Overview of Quadrotor Trajectory Tracking using Incremental NDI and Differential Flatness

The paper "Accurate Tracking of Aggressive Quadrotor Trajectories using Incremental Nonlinear Dynamic Inversion and Differential Flatness" by Ezra Tal and Sertac Karaman explores the elaborate construction and experimental validation of a sophisticated control system for autonomous UAVs, specifically quadrotors, designed to perform aggressive maneuvers. The research addresses critical aspects such as tracking position, yaw, and their respective high-order derivatives including velocity, acceleration, jerk, and snap, using advanced control methodologies.

Key Contributions

The paper introduces a novel control law that effectively applies Incremental Nonlinear Dynamic Inversion (INDI) combined with Differential Flatness, allowing robust tracking of dynamic UAV trajectories. A noteworthy contribution is the emphasis on tracking jerk and snap, which are typically overlooked in conventional flight controls, particularly under high-speed conditions where aerodynamic drag becomes a significant factor. The tracking of snap is innovatively handled using direct body torque control facilitated by closed-loop motor speed regulation, employing optical encoders for precision measurements.

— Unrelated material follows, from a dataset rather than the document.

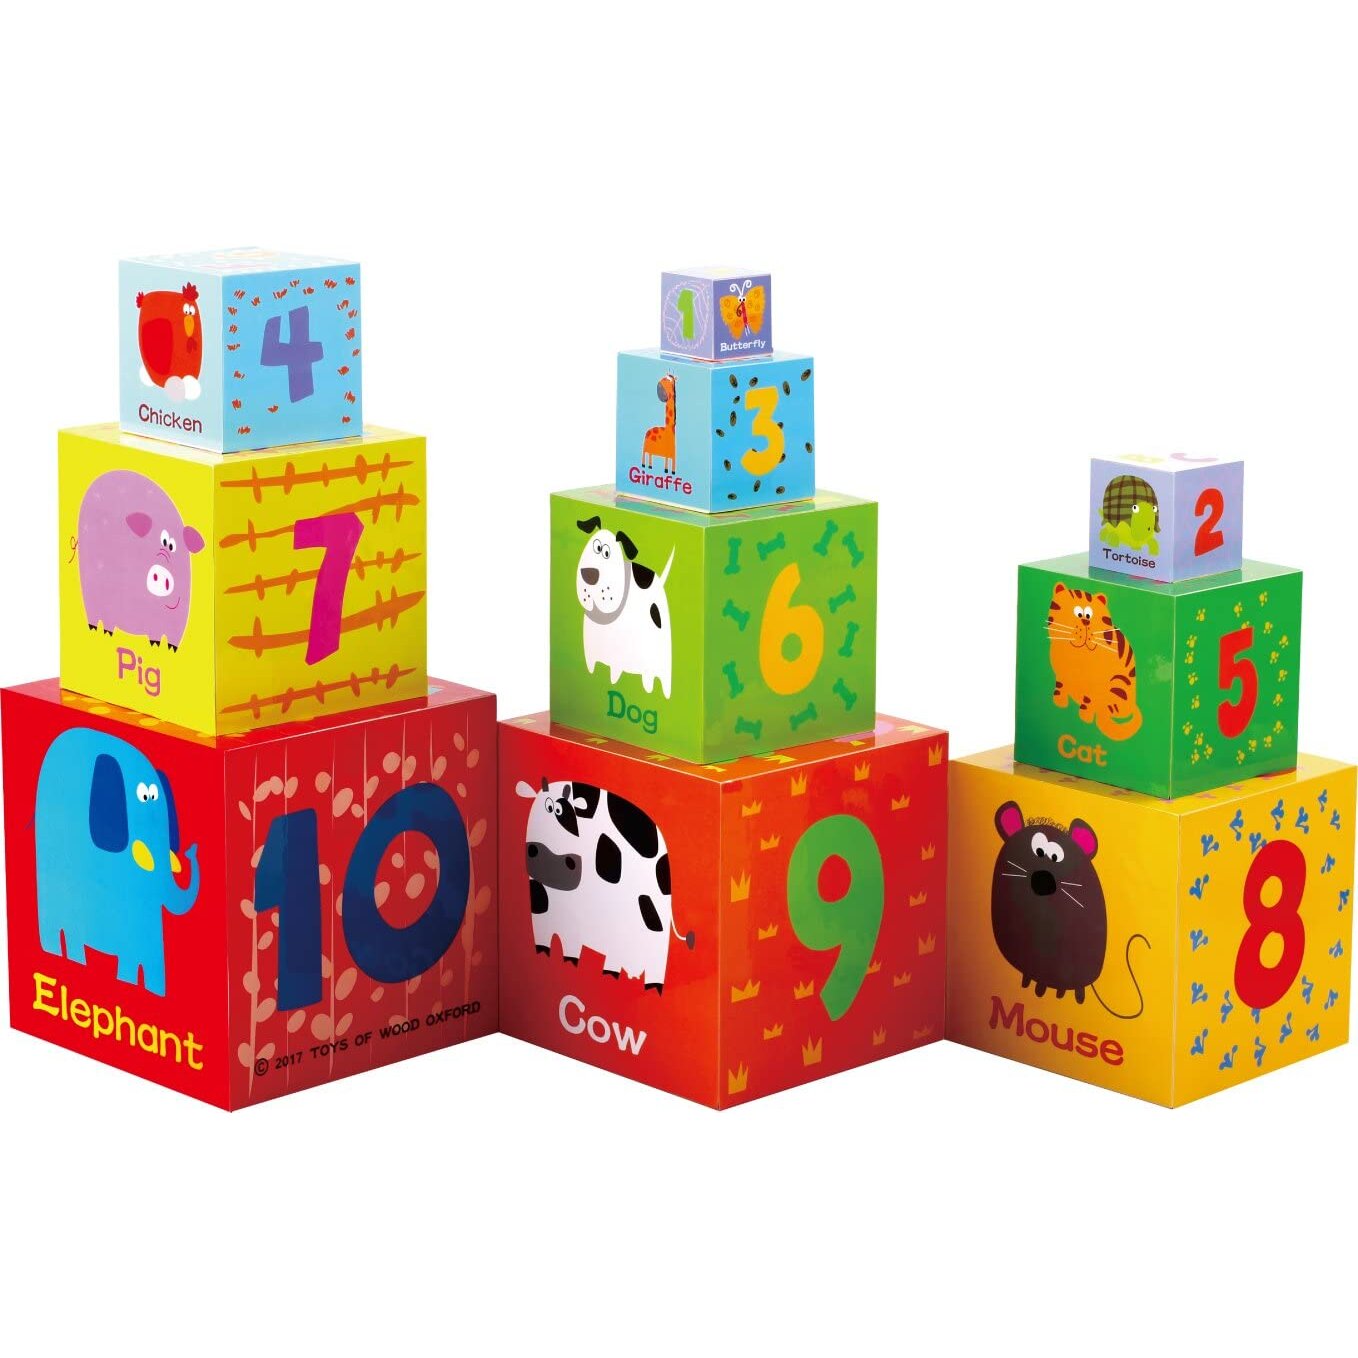 TOWO Wooden Stacking Boxes-Nesting and Sorting Cups Numbers Alphabet Animals Blocks for Toddlers-Stacking Cubes Educational Toys for 2 years

The proposed system successfully circumvents the necessity of intricate aerodynamic modeling, which is often required in scenarios of high-speed flight with considerable aerodynamic disturbances. This robustness is achieved through the INDI approach, which compensates for the disturbances without relying on detailed prior modeling.

Experimental Validation

The experimental resolutions demonstrated the controller's capabilities in maintaining precision tracking of intricate 3D trajectories, reaching speeds of up to 12.9 m/s and achieving accelerations up to 2.1g. Remarkably, the system maintained a root-mean-square tracking error of 6.6 cm within a controlled flight environment. Further validations included stress tests with external disturbances such as drag plates and dynamic tension-applied forces, proving the system's proficiency in maintaining aerodynamic stability even under perturbative conditions.

Numerical Analysis and Implications

Numerical results underpin the paper's findings, showcasing how the controller's incremental nature inherently improves robustness against unpredictable external forces and moments, compared to traditional non-incremental systems. The comparative analysis further elucidates the advantages introduced by tracking higher-order derivatives such as jerk and snap, contributing to significantly enhanced trajectory tracking performance.

Practical and Theoretical Impact

The implications of this research are substantial both in practical and theoretical domains. Practically, the controller's robustness negates the dependence on exhaustive aerodynamic models, allowing for greater adaptability in varying operational contexts without degradation of task performance. Theoretically, the use of differential flatness and incremental control as a unified framework showcases potential evolution paths in UAV control design, facilitating more responsive and adaptive systems capable of high precision in conditions previously deemed challenging.

Future Directions

Given the promising results, future research could explore extending this control strategy to larger classes of UAVs or integrating with more complex environmental interactions. Furthermore, advancements in sensor technology could refine the precision of real-time feedback, further minimizing tracking errors and optimizing energy consumption during high-agility maneuvers. Overall, this paper adds significant value to the trajectory tracking discourse, providing a solid foundation for ongoing innovations in UAV control systems.